Where are you located?? try google search for local foundry suppliers in your area. I was surprised to find one less than an hour from my home. How large of a casting are you doing and what material, I assume iron?  Alloy Avenue is a great spot to find a listing of suppliers as well as pick up some tricks.


----------



## johan jorez (Dec 23, 2012)

here link to different suppliers 
http://modelenginenews.org/suppliers.html


----------



## Tin Falcon (Dec 23, 2012)

> Anybody make castings to build model machinery, such as belt-driven equipment from the 19th century?



In the usa PM research has aline of machine tool model kits. Metal lathe ,milling machine , shaper and drill press as well as woodworking tools enough to build a min  shop. 

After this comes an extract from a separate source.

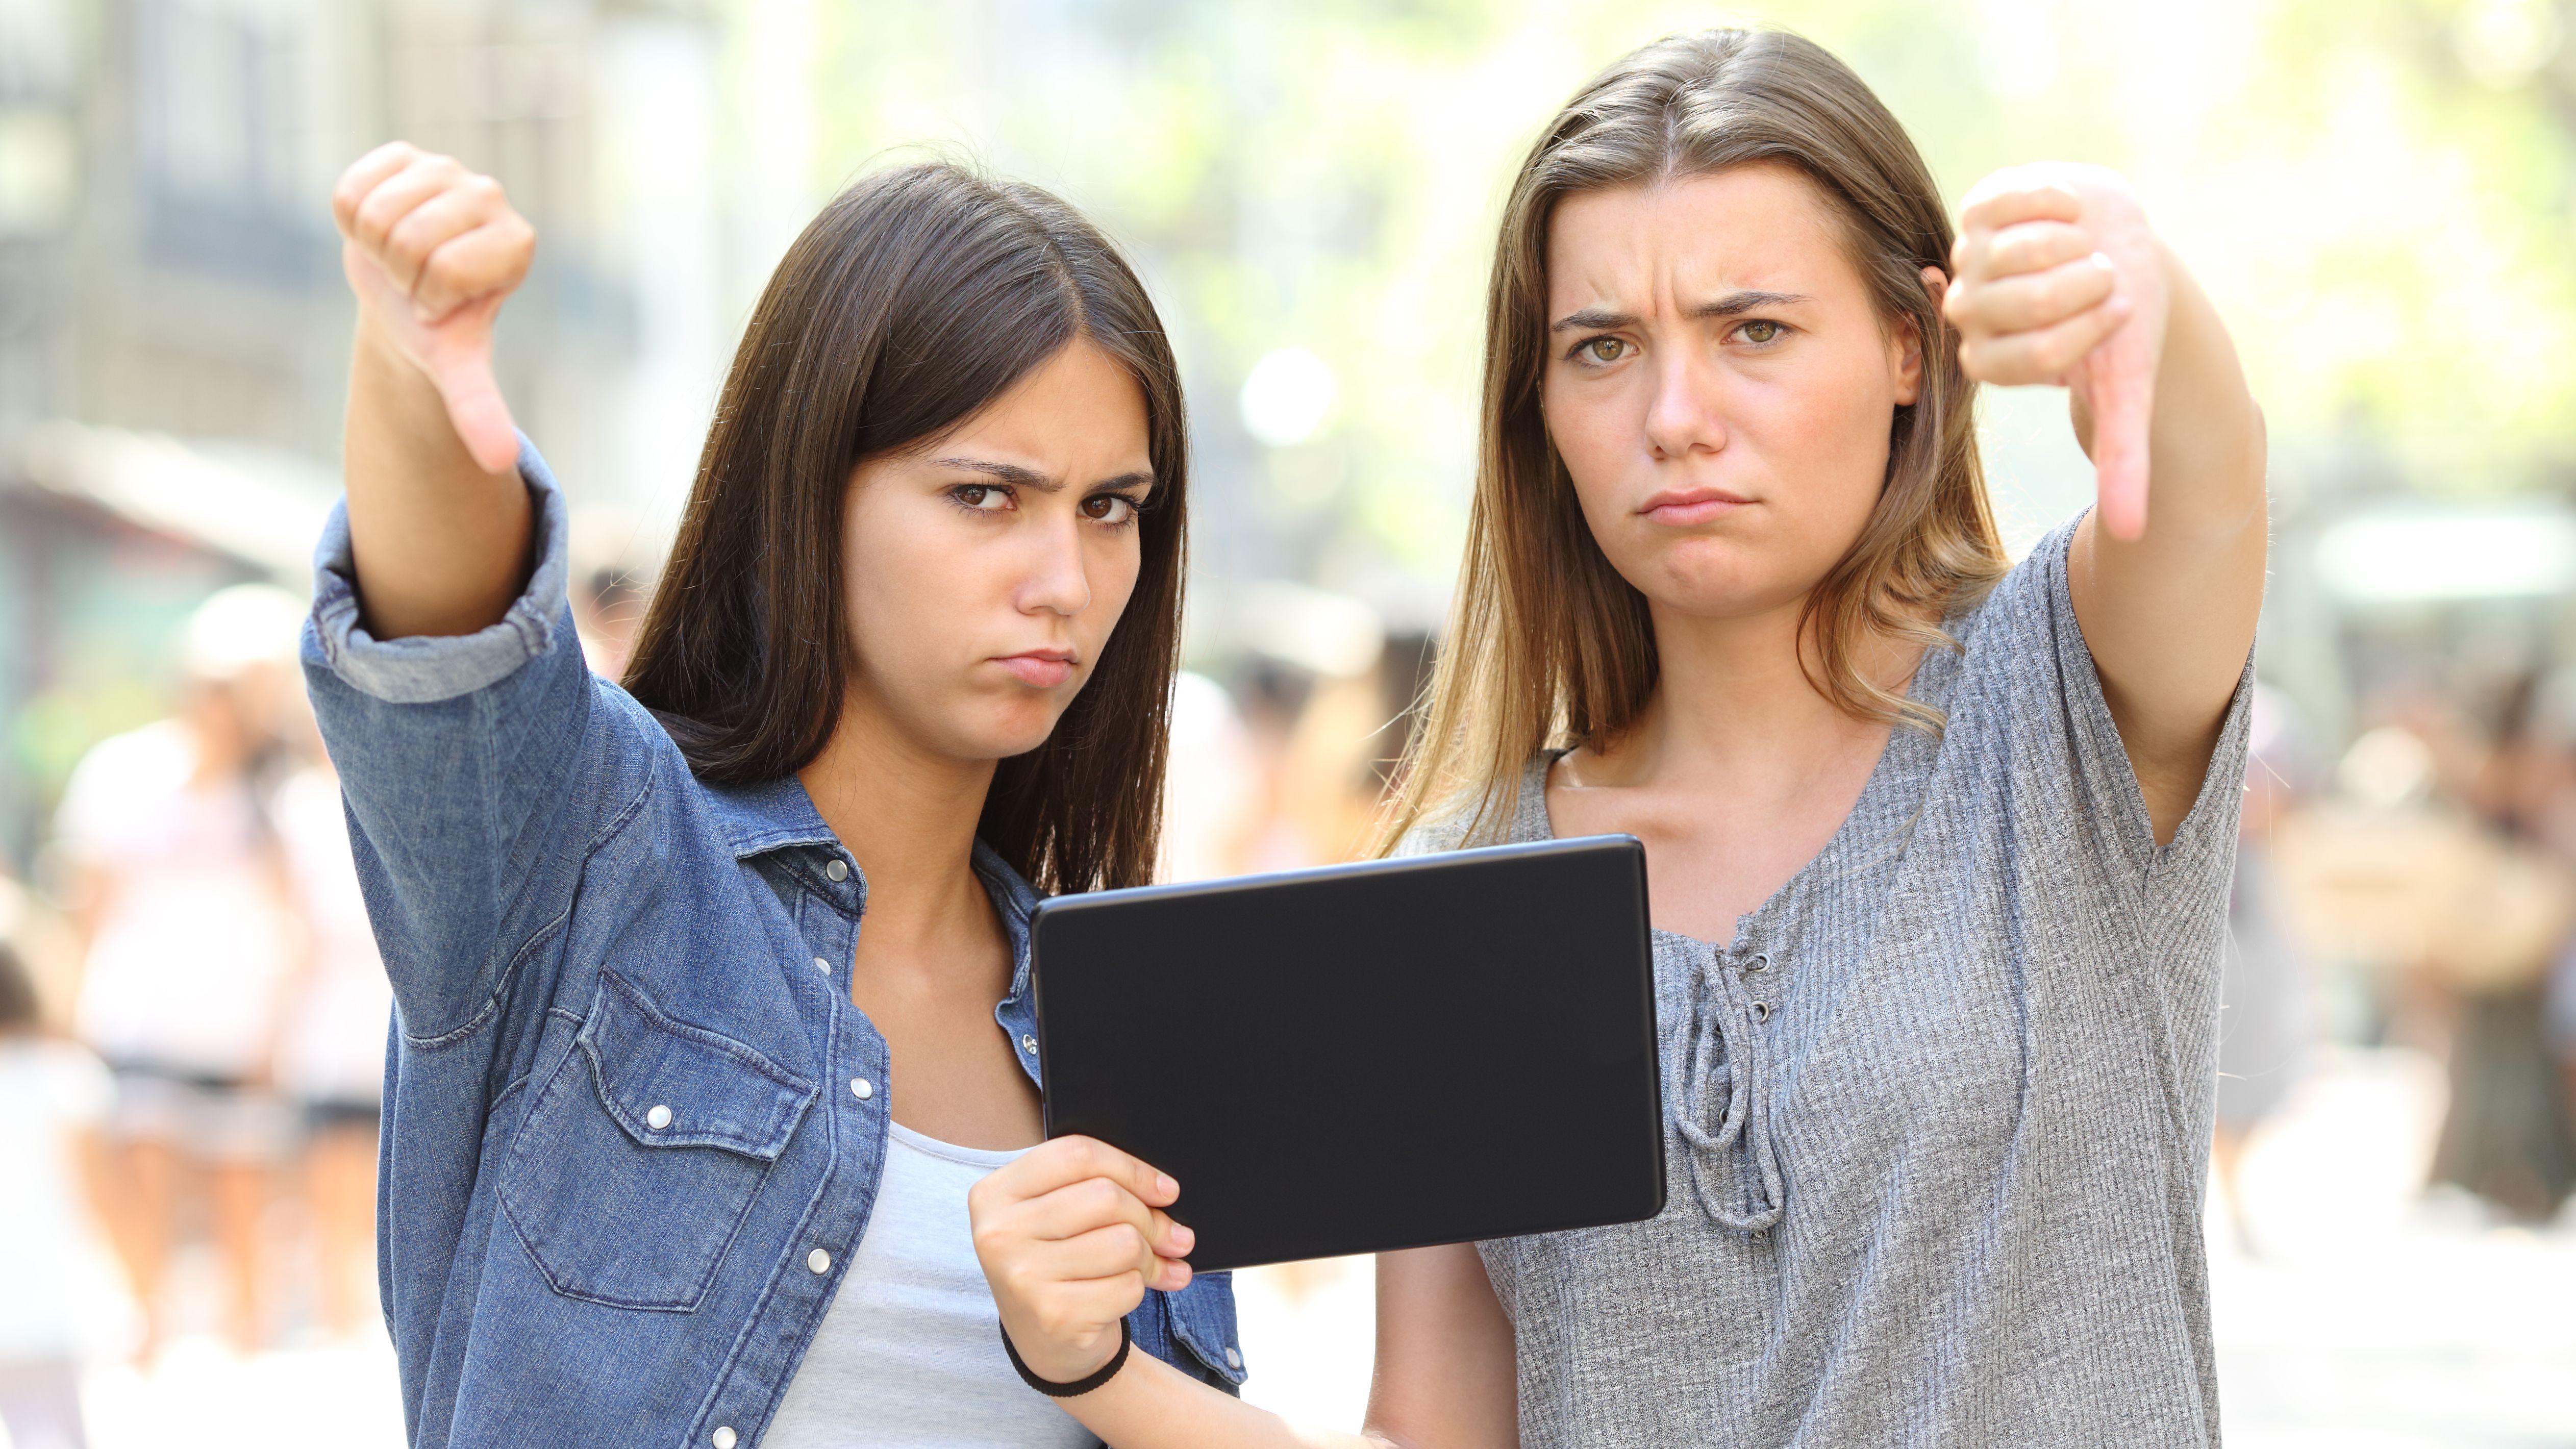 Online-Bewertungen-So-wehrt-man-sich-gegen-negative-Kommentare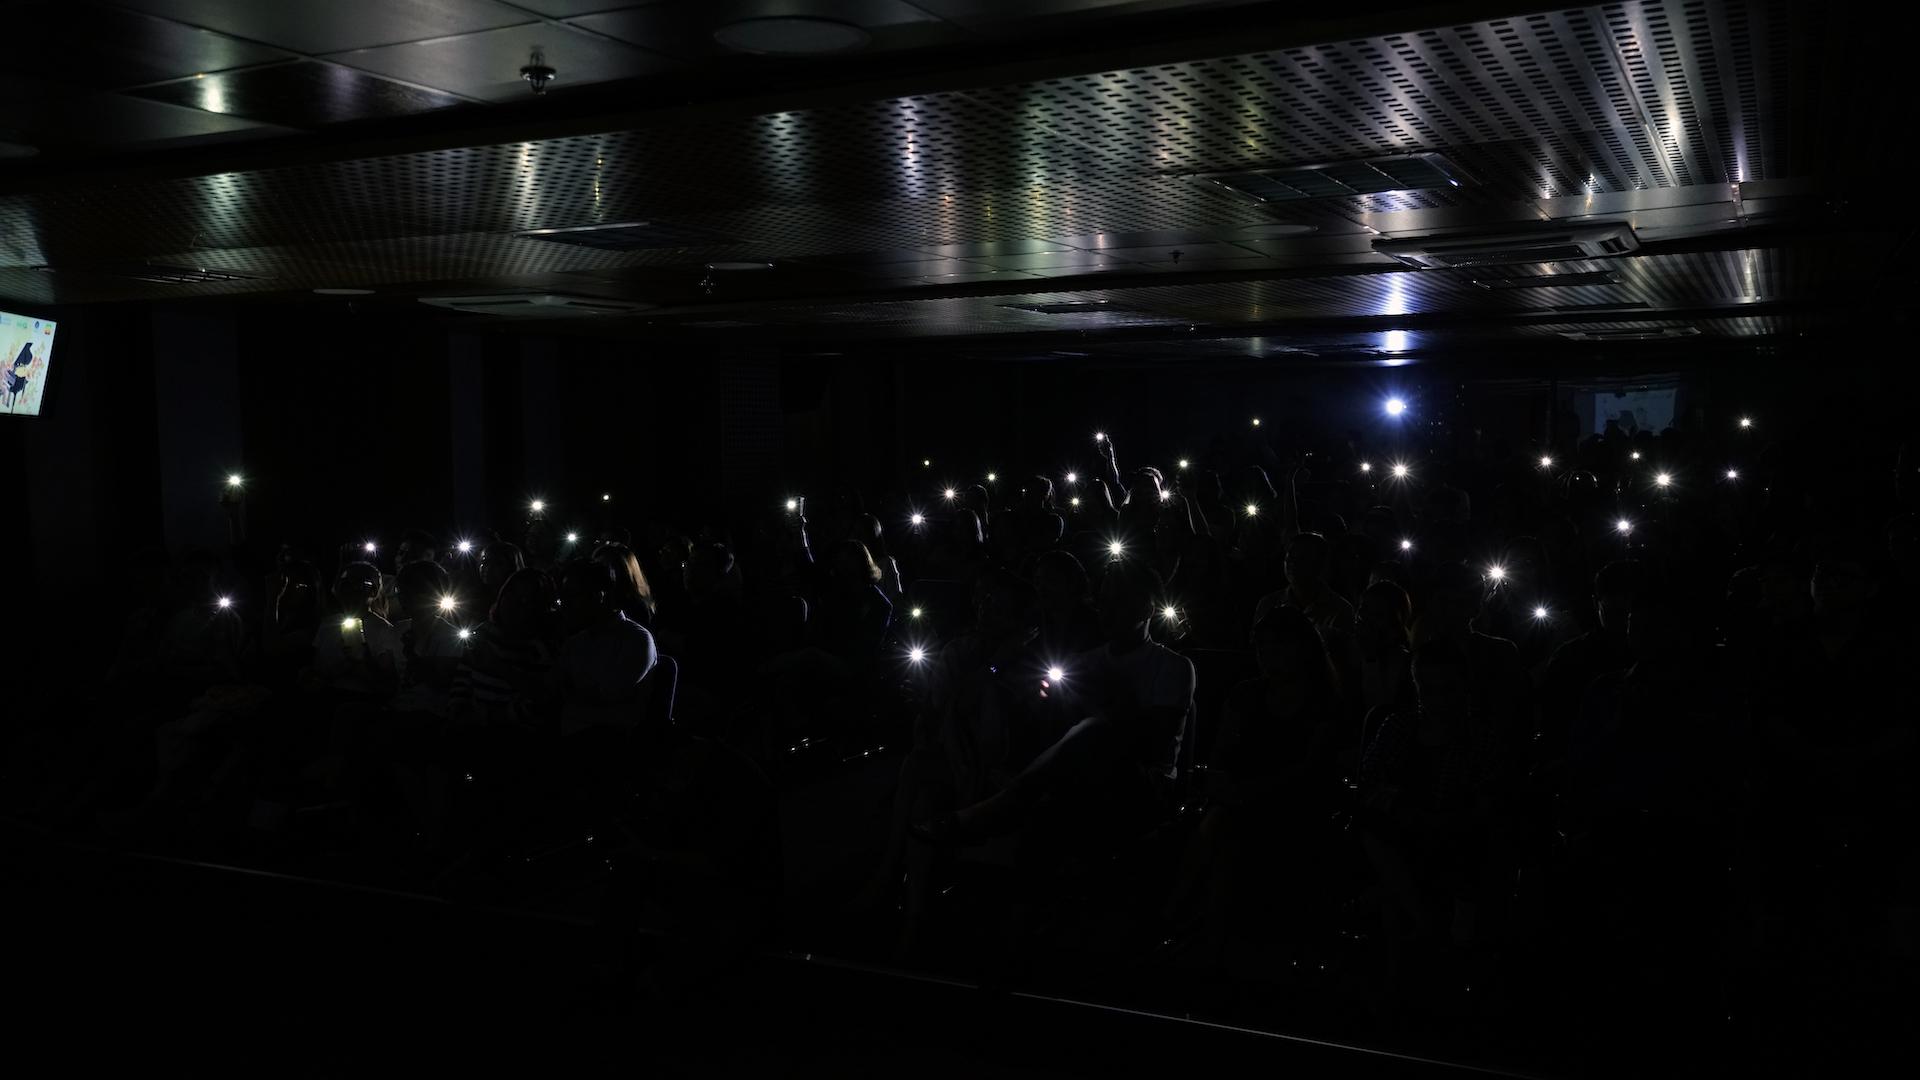 """Hàng trăm bạn trẻ cùng bật đèn flash trên điện thoại thông minh để hòa mình vào, cổ vũ cho phần trình bày của nhóm AMER với bài hát """"Thế giới không phiền lo"""""""

http://www.pmresearchinc.com/store/home.php?cat=6

Stuart models in the UK also offer a lathe ,shaper, mill, and drill press.
http://www.stuartmodels.com/inprod.cfm/section/casting

Tin


----------



## Jasonb (Dec 23, 2012)

For model machines driven by line shafting then Stuarts and PM Research do them

http://www.pmresearchinc.com/store/home.php?cat=6

http://www.stuartmodels.com/inprod.cfm/section/casting

Antique Engines has a good list of suppliers

http://www.antiquengines.com/Davis_Model_Suppliers_List_.htm

J

EDIT Tin beat me to it


----------



## Dave Sohlstrom (Dec 23, 2012)

Martin model and patterns here in the PNW has castings for model engines and home shop equipment.  http://www.martinmodel.com/MMPengines.html

Dave


----------



## Forestgnome (Dec 23, 2012)

Awesome links! Thanks.


----------



## 2manyhobbies (Dec 23, 2012)

To add to Dave's suggestion, the quality of the Martin Models are second to none!
Brad



Dave Sohlstrom said:


> Martin model and patterns here in the PNW has castings for model engines and home shop equipment.  http://www.martinmodel.com/MMPengines.html
> 
> Dave


----------



## aonemarine (Dec 23, 2012)

Ha  I missed the word "model" in his post, that just totally blew my answer LOL


----------